YOUR TASK —
Repeat all the lines below exactly, but omit the pictures.

INPUT DATA —
═══
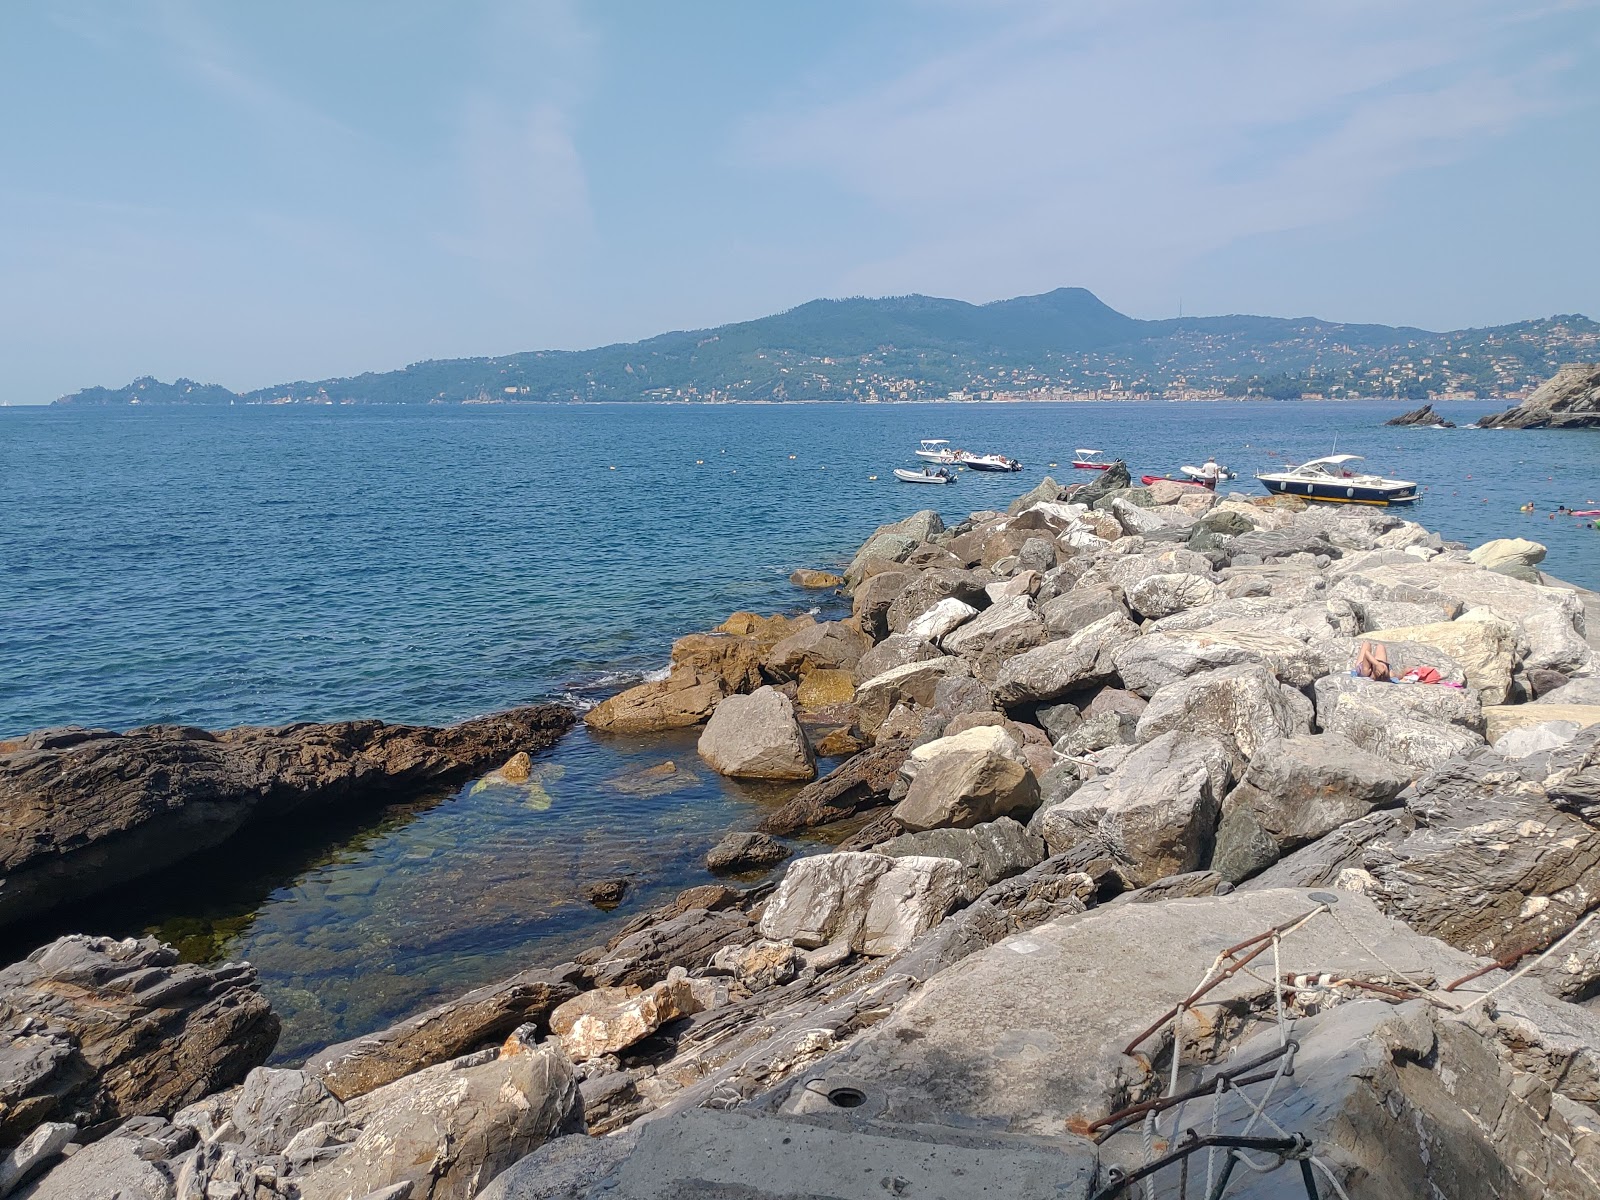 Pozzetto Spiaggia'in fotoğrafı kısmen temiz temizlik seviyesi ile
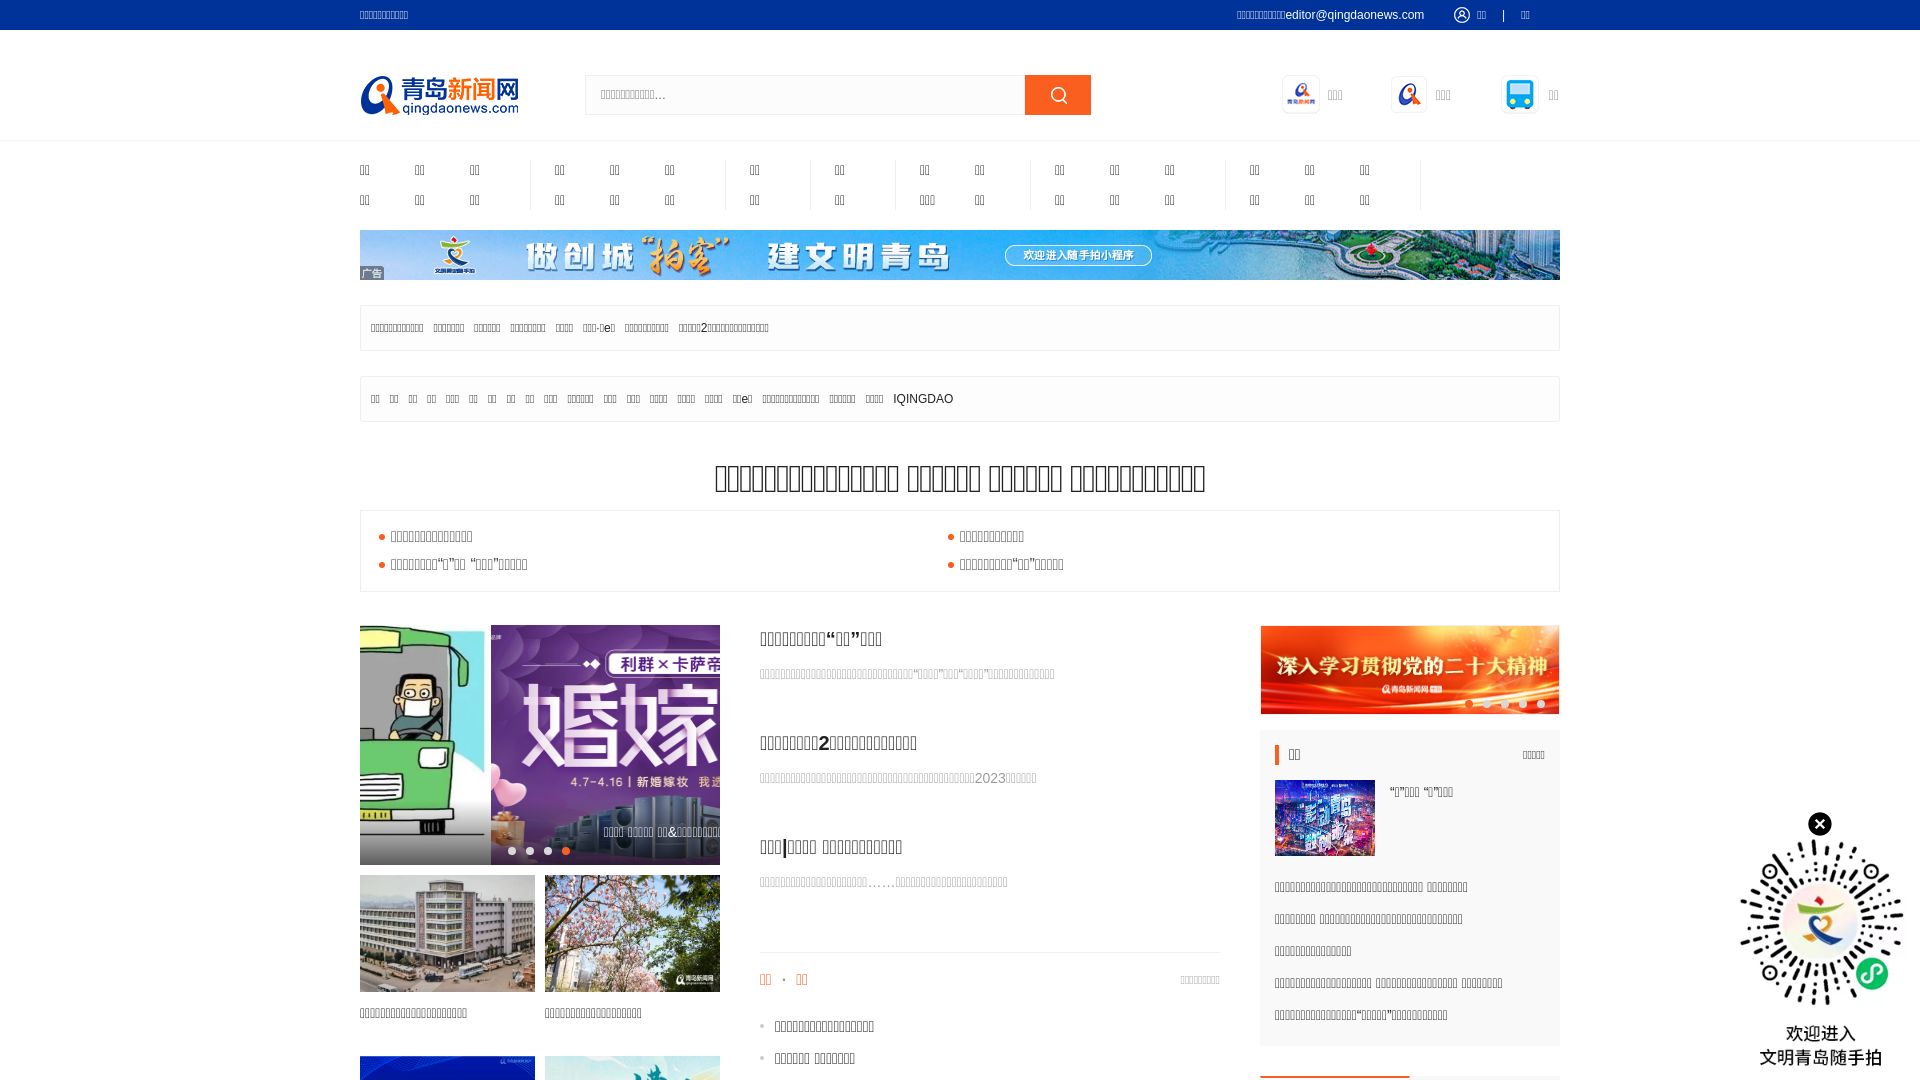 Stato del sito web qingdaonews.com è   ONLINE
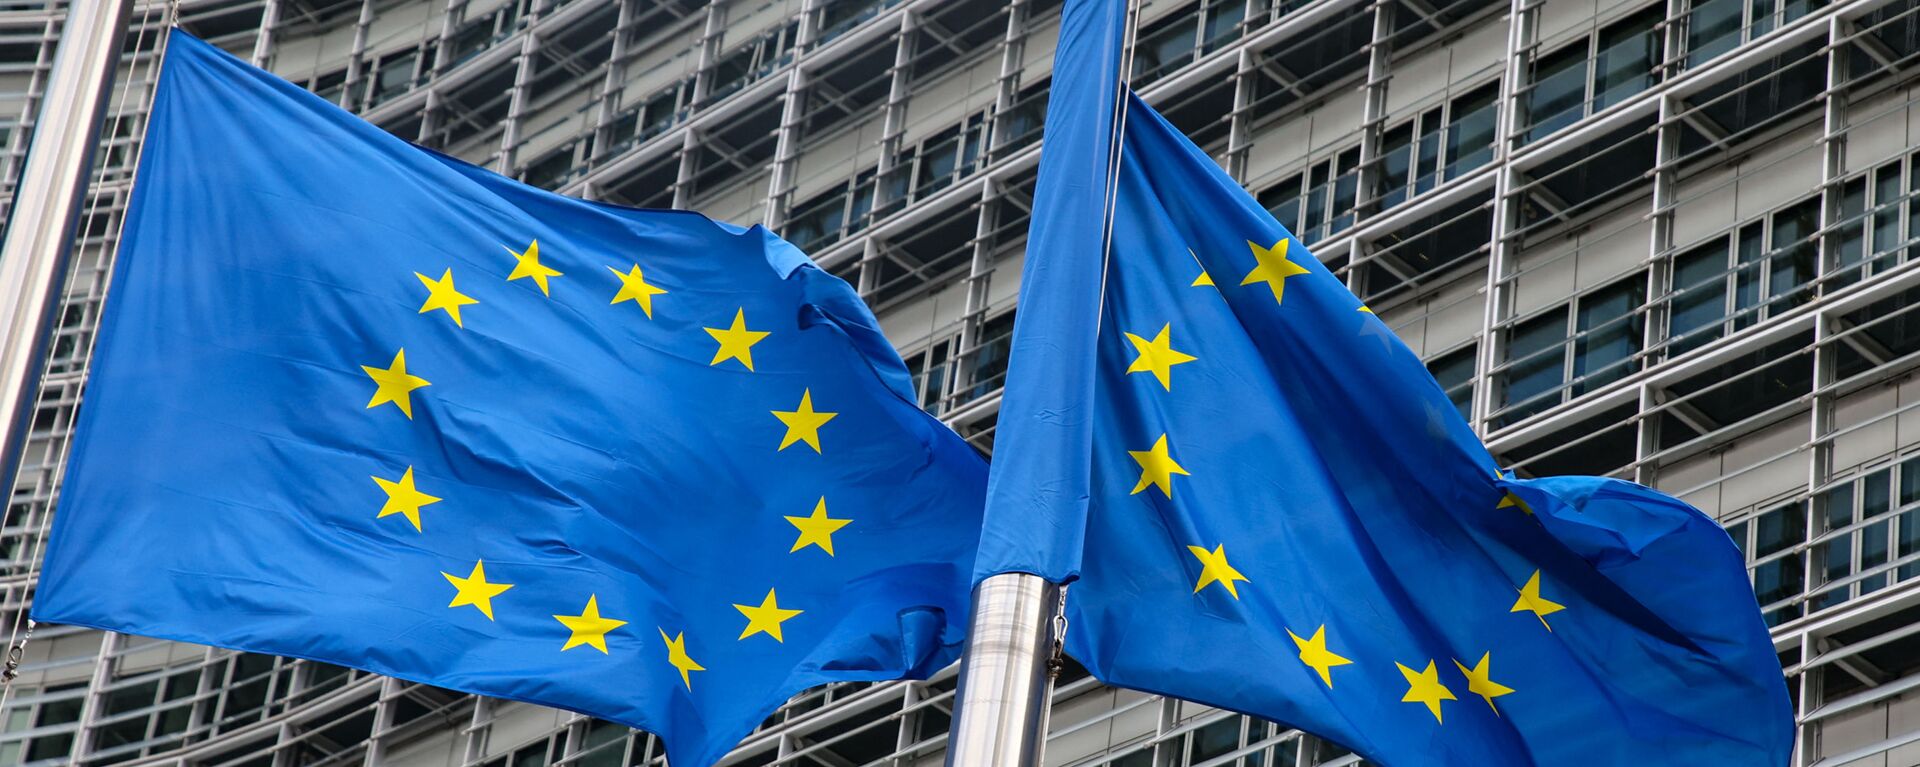 Флаги Европейского союза у штаб-квартиры Европейской комиссии в Брюсселе  - Sputnik Литва, 1920, 17.03.2021
═══
SOLUTION TO THIS TASK —
 Pozzetto Spiaggia'in fotoğrafı kısmen temiz temizlik seviyesi ile
 Stato del sito web qingdaonews.com è   ONLINE
 Флаги Европейского союза у штаб-квартиры Европейской комиссии в Брюсселе  - Sputnik Литва, 1920, 17.03.2021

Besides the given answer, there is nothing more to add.